Exercise directions:
Below are records. Transcribe exactly the lines from the one that contains "Emerald cut Sapphire" through the last line, leaving any pictures out.

Information supplied:
※
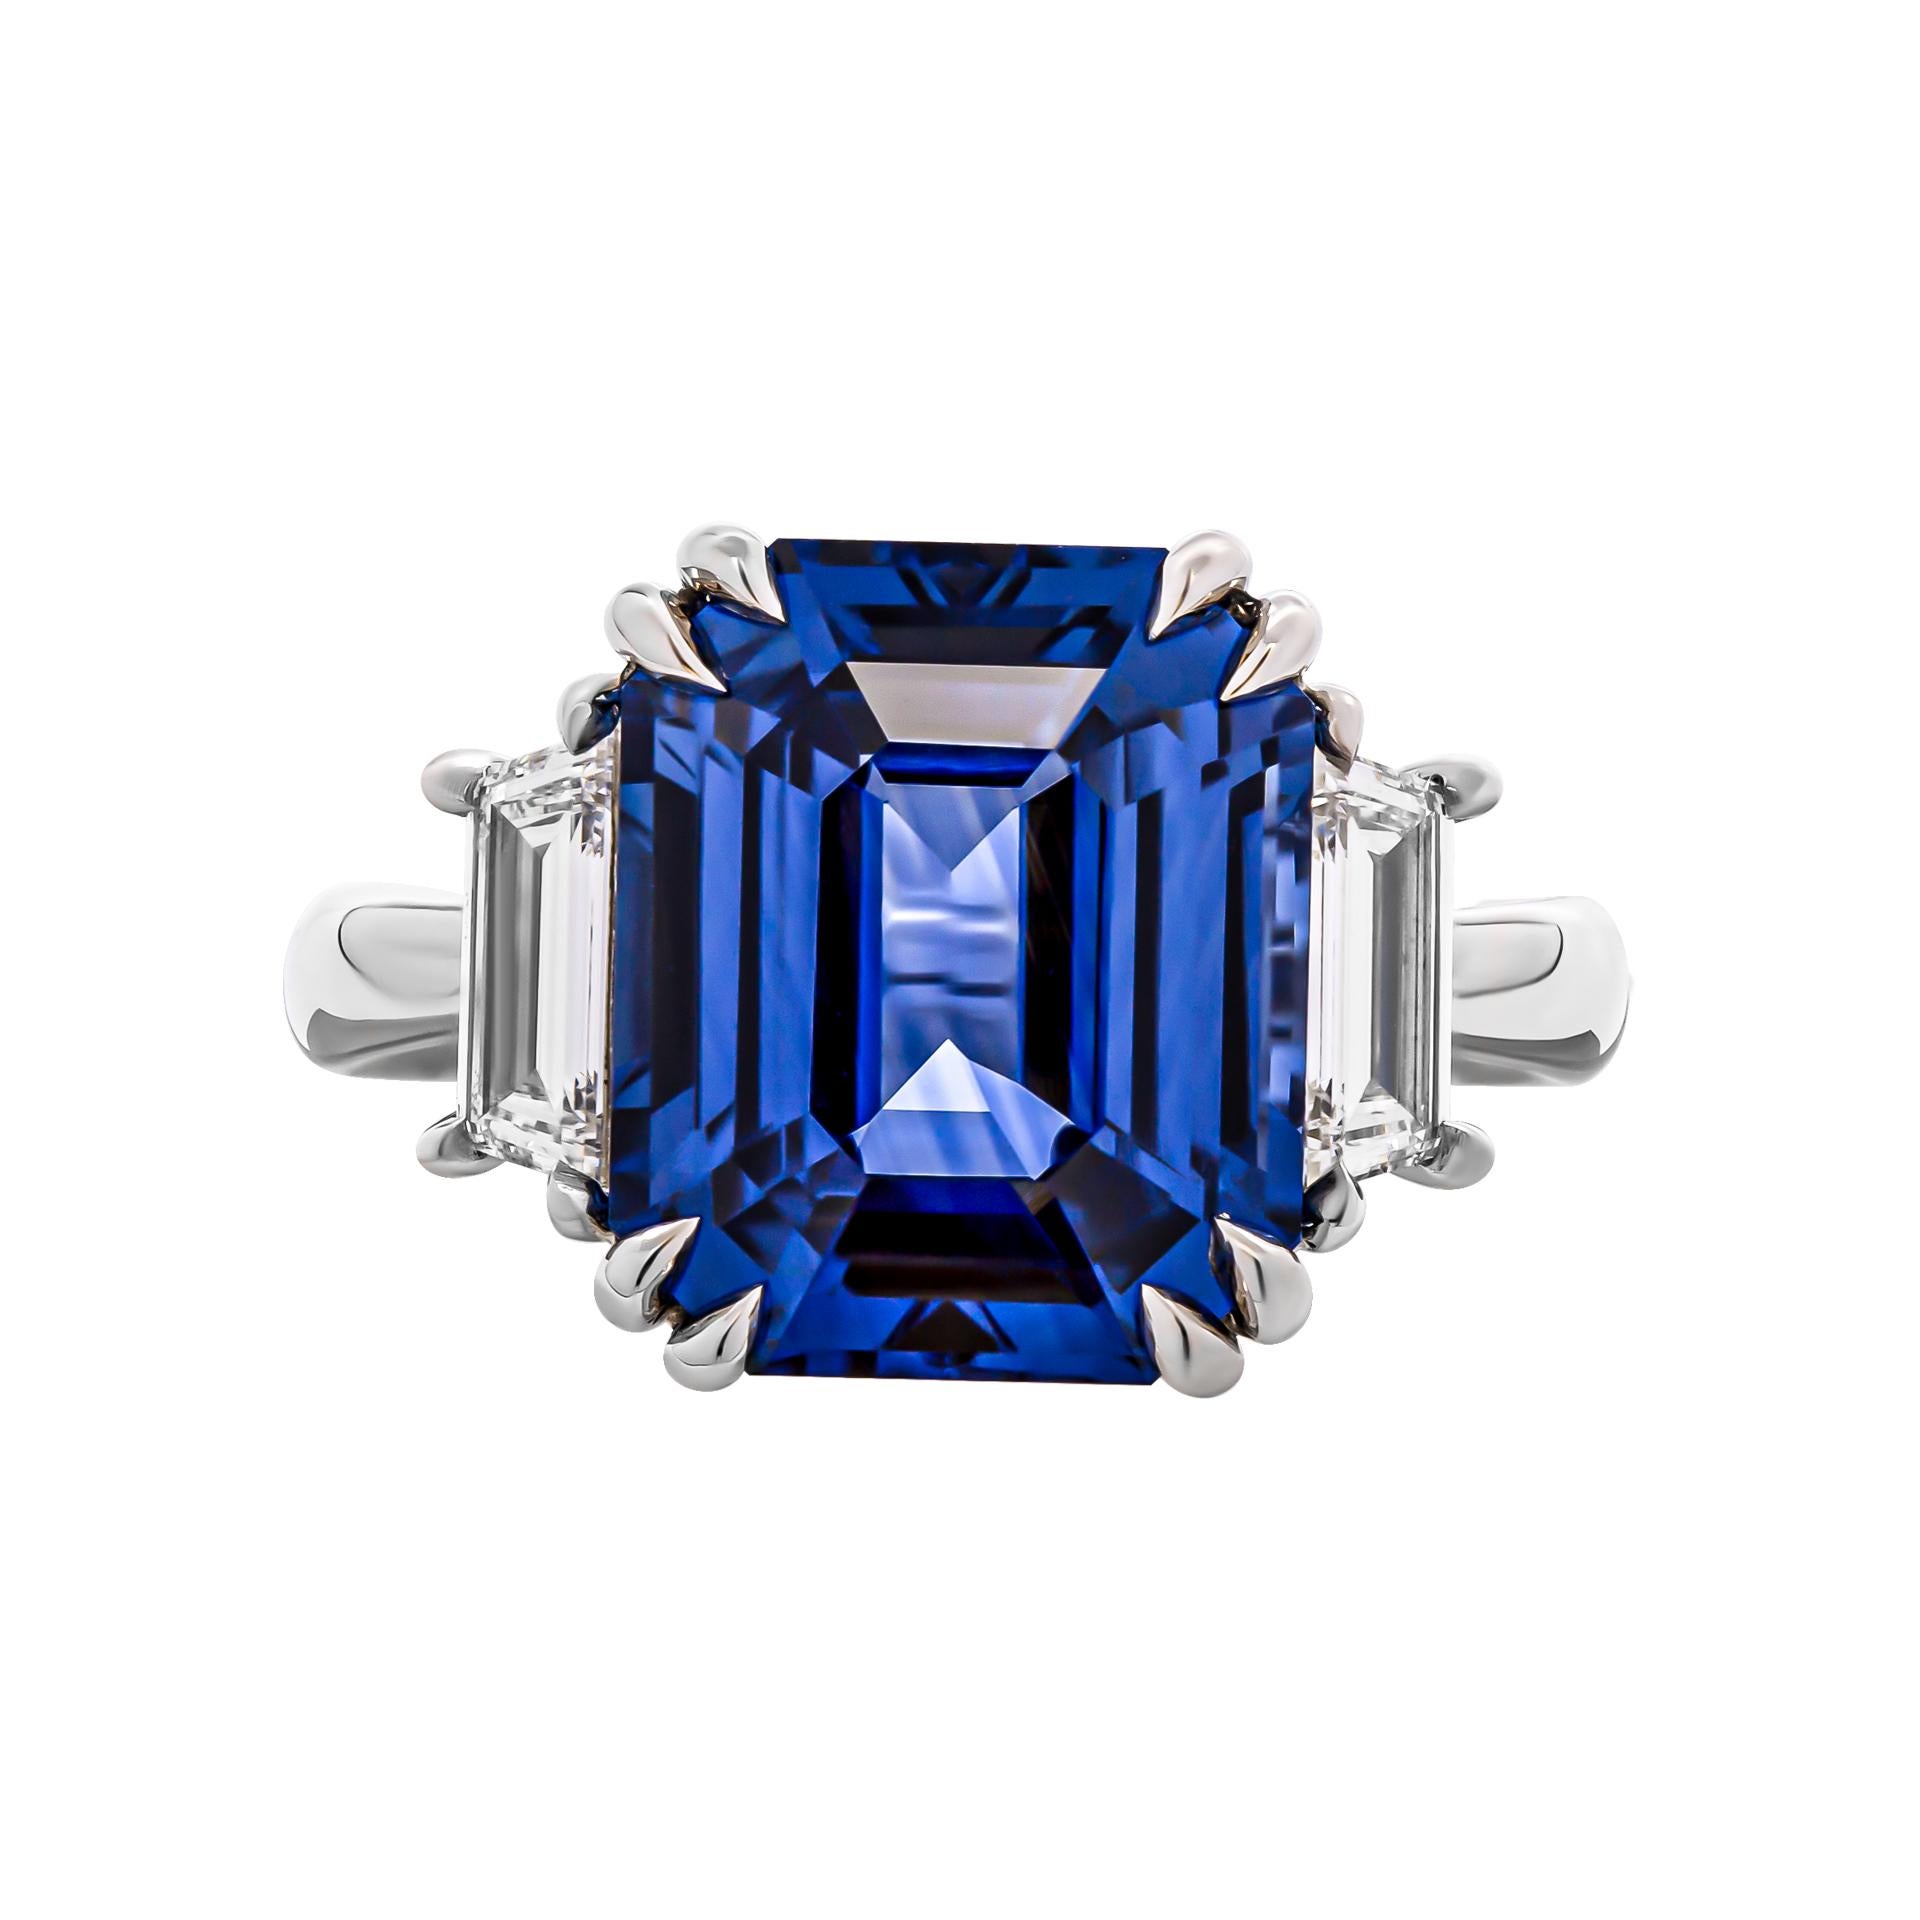 3 stone ring in Platinum
Center stone:  7.97ct Blue Emerald cut Sapphire 
Certified: CDC2201543 
Country of origin: Sri Lanka 
Side stones: 0.66ct F VVS trapezoids
Size: 6.5
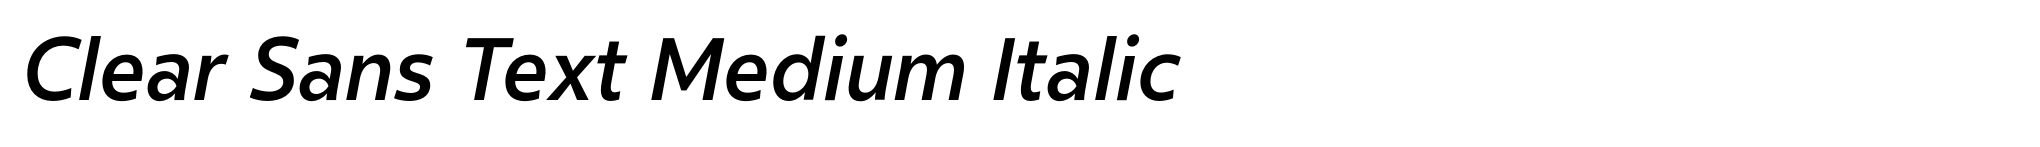 Clear Sans Text Medium Italic image
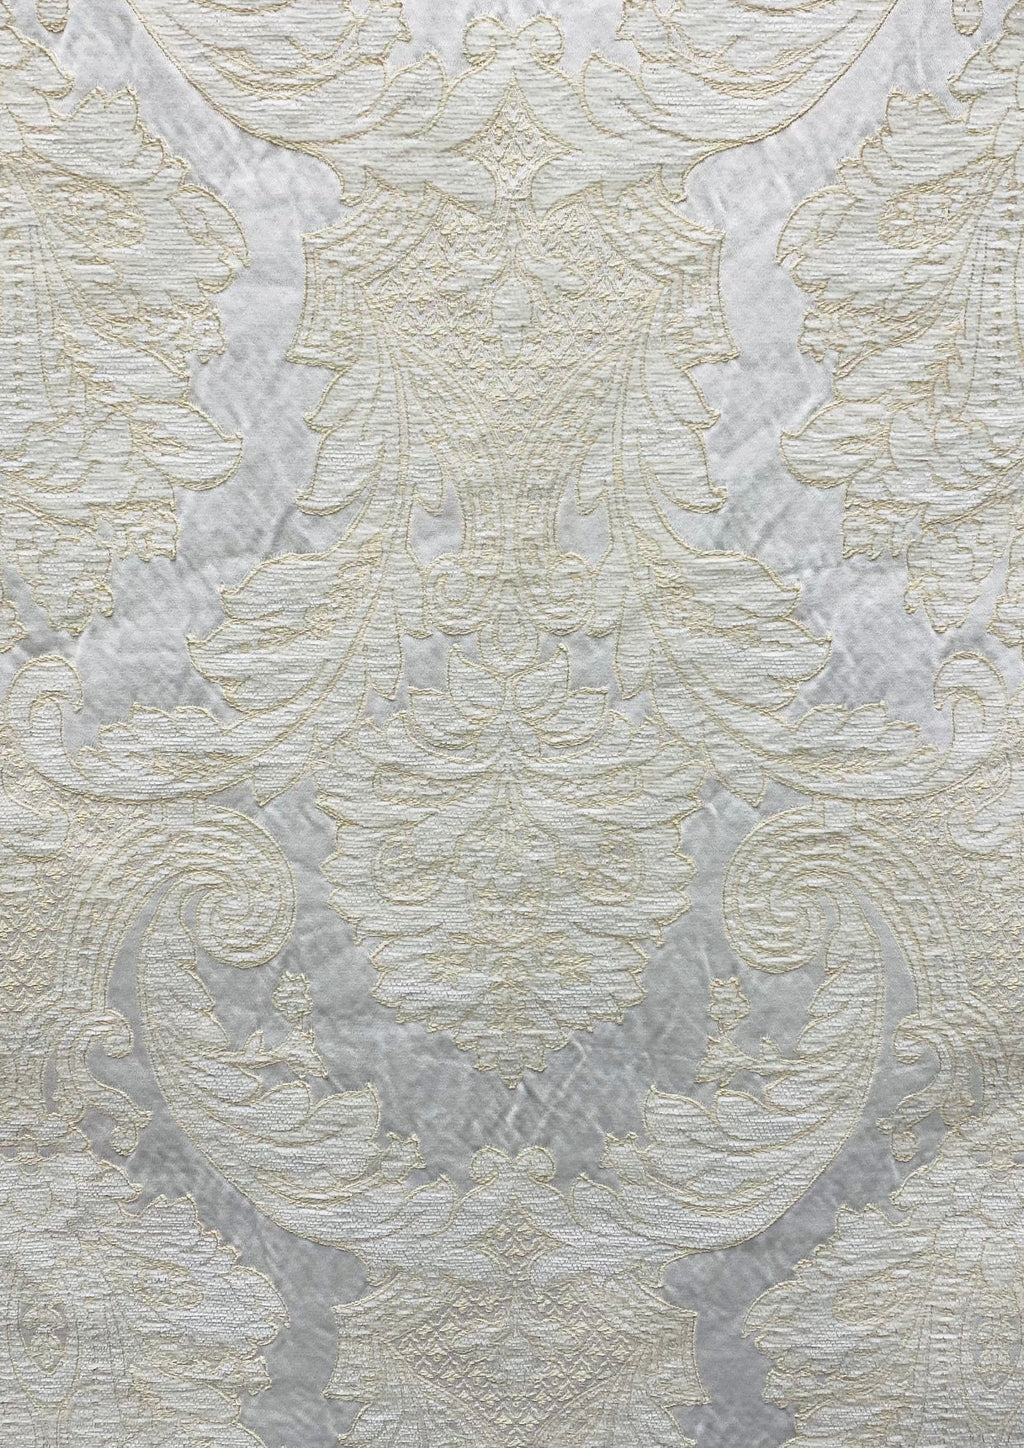 NEW Lady Daniella Designer Medallion Burnout Chenille Velvet Fabric - Brocade- White Cream Gold
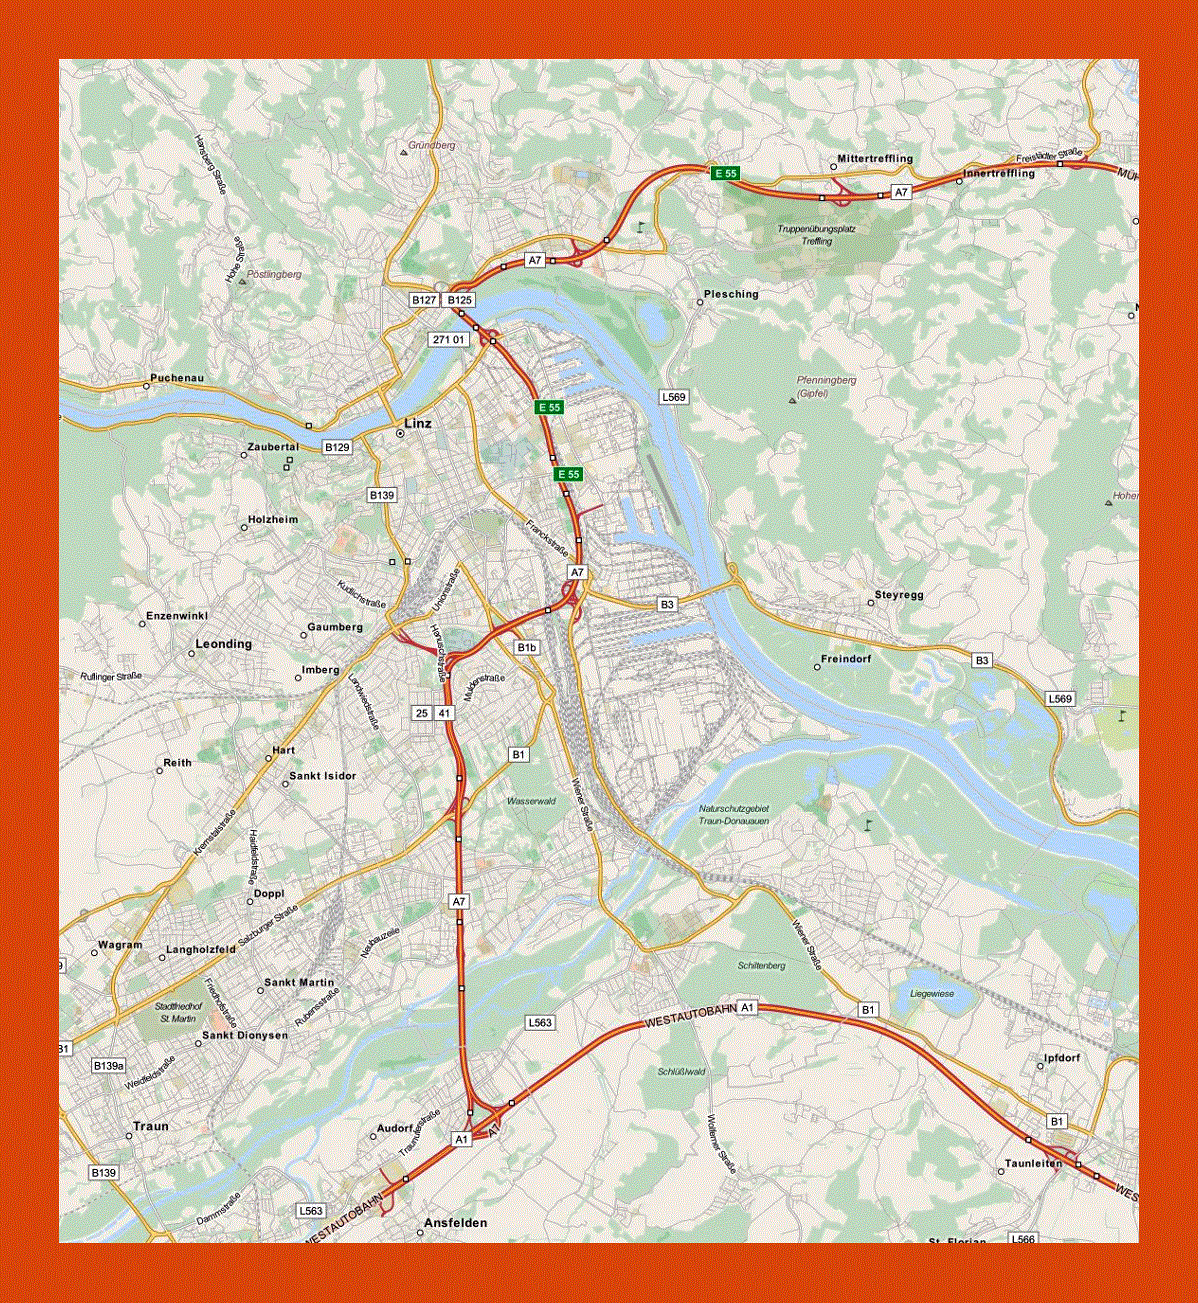 Transit map of Linz city
※
Output for this exercise:
Center stone:  7.97ct Blue Emerald cut Sapphire 
Certified: CDC2201543 
Country of origin: Sri Lanka 
Side stones: 0.66ct F VVS trapezoids
Size: 6.5
 Clear Sans Text Medium Italic image
 NEW Lady Daniella Designer Medallion Burnout Chenille Velvet Fabric - Brocade- White Cream Gold
 Transit map of Linz city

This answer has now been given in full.